14. An apparatus according to claim 11 further comprising air supply means for generating, within said first dust-proof cover, streams of air of varied flowing directions.
15. An apparatus according to claim 14 wherein said air supply means includes an air blowing means for blowing air, and oscillating means for oscillating said air blowing means to vary the direction of flow of air.
16. An apparatus according to claim 11 further comprising dust collecting means for extracting air from the interiors of said first, second, and third dust-proof covers.
17. An apparatus according to claim 16 wherein said dust collecting means includes a single dust collecting device and first, second and third dust collecting ducts through which said dust collecting device is connected to said first, second, and third dust-proof covers.
18. An apparatus according to claim 17 wherein each of said first to third dust-proof covers is provided with an opening.
19. An apparatus according to claim 18 further comprising a filter disposed in each of said openings.
The present invention relates to an apparatus and a method for providing a more dust-free environment, particularly for the production of semiconductor devices.
FIG. 1 illustrates a known resin molding apparatus for resin-molding a semiconductor device. This apparatus is disclosed in Japanese Patent Laid-Open Publication No. 55-96642. This apparatus is provided in the center thereof with a press machine 1 which is equipped with an upper platen 2 and a lower platen 3 which are disposed to oppose each other. The upper platen 2 is fixed in place by means of tie-bars 4. The lower platen 3 is connected to a hydraulic cylinder 5 for sliding up and down the tie-bars 4 by the hydraulic cylinder 5. An upper mold part 6 of a mold is provided on the lower face of the upper platen 2, while a lower mold part 7 cooperating with the upper mold part 6 is disposed on the upper face of the lower platen 3, such that the upper and lower mold parts vertically oppose each other. The lower mold part 7 is provided with a plurality of cavities for receiving semiconductor chips bonded to a lead frame and a pot for receiving a tablet. These cavities are connected to the pot through runners. The upper mold part 6 also has a plurality of cavities corresponding to those in the lower mold part 7.
The operation of the described semiconductor resin molding apparatus is as follows.
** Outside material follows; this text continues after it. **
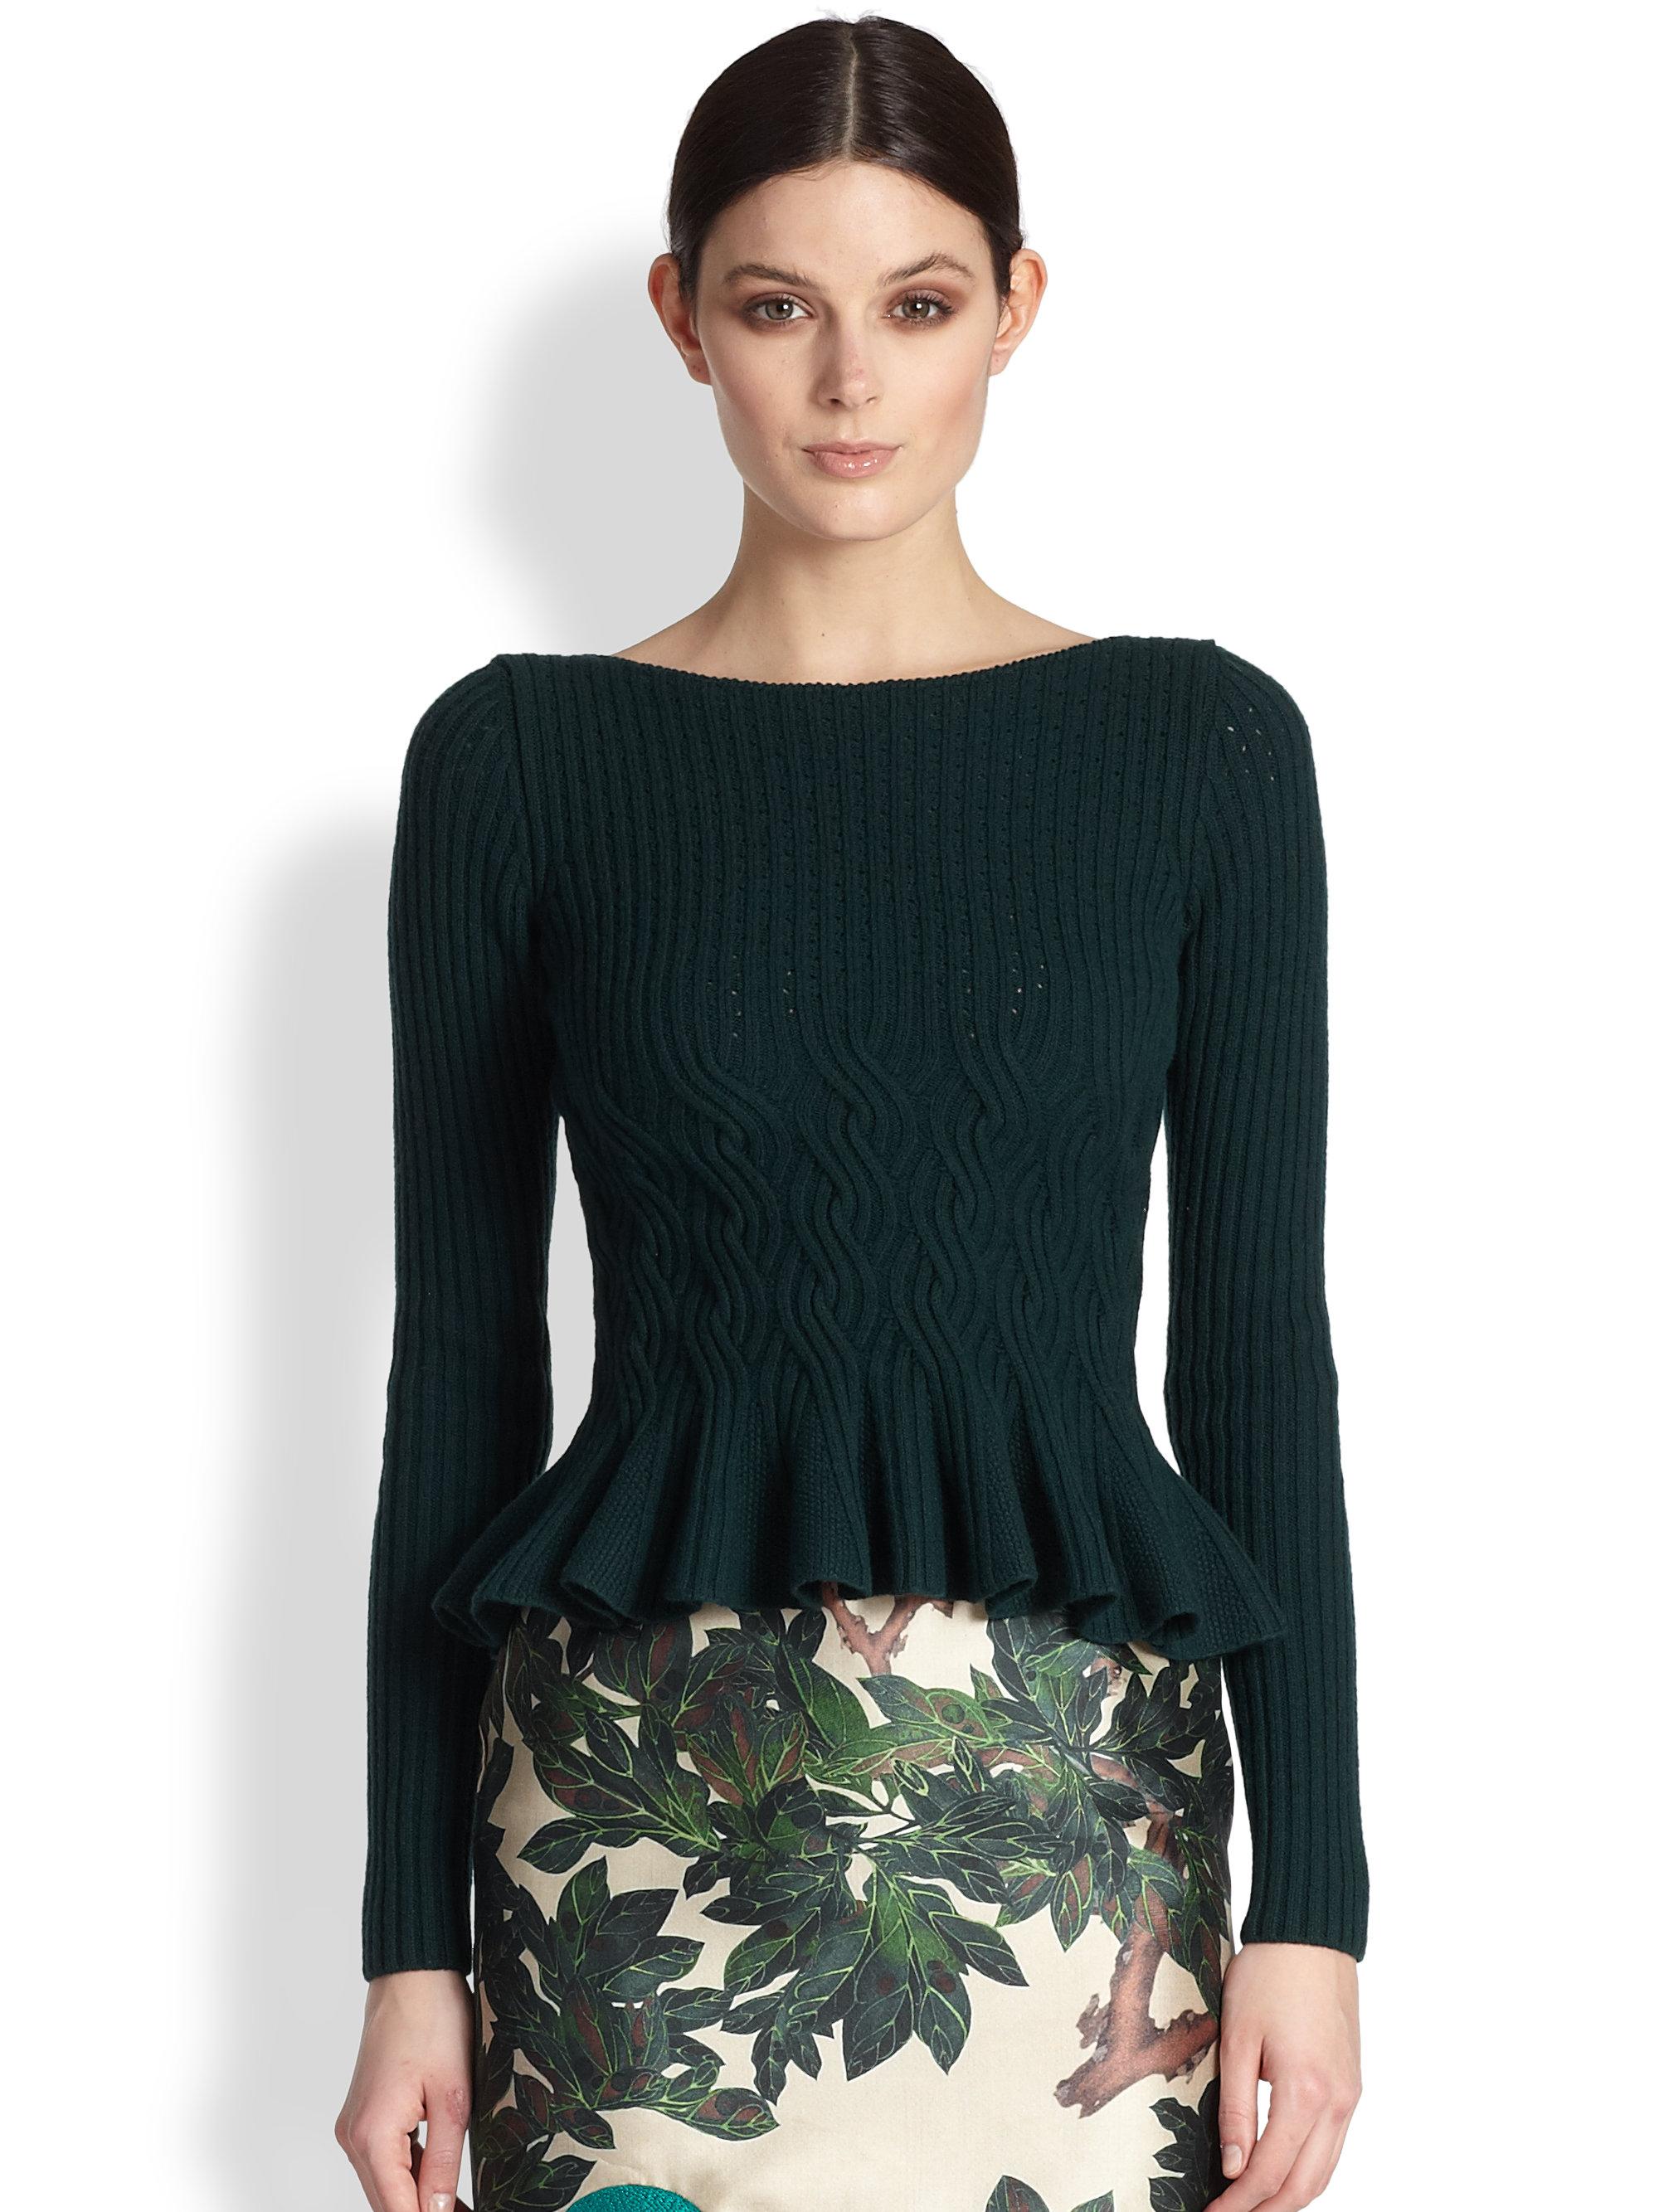 Oscar de la renta Merino Wool & Cashmere Cable-Knit Sweater in ...

A lead frame (not shown) is prepared with semiconductor chips die-bonded thereto and with the electrodes of the semiconductor chips wire-bonded thereto. A tablet (not shown) also is provided. The lead frame and the tablet are fed onto the lower mold part 7 on the lower platen 3 of the press machine 1 by means of the loader 8. In this state, the semiconductor chips bonded to the lead frame and the tablet are respectively disposed in the cavities and the pot. Then, the hydraulic cylinder 5 operates to raise the lower platen 3 along the tie bars 4 so that the upper and lower mold parts 6 and 7 are brought together to close the mold. Then, the tablet received in the pot is heated and melted by a suitable heating means such as a heater. The molten tablet is forced out by a plunger or the like means and injected through the runners into the cavities, whereby the semiconductor chips are resin-molded.
This known apparatus for producing semiconductor devices suffers from the following disadvantages. Both the frame 13a and the thin plate 13b constituting the cover 13 covering the whole resin molding apparatus are rigid. Therefore, often a gap 13d is undesirably formed between the frame 13a and the thin plate 13b as shown in FIG. 3 due to the deflection of the thin plate 13b between adjacent fixing screws 13c and surface roughness between the frame 13a and the thin plate 13b.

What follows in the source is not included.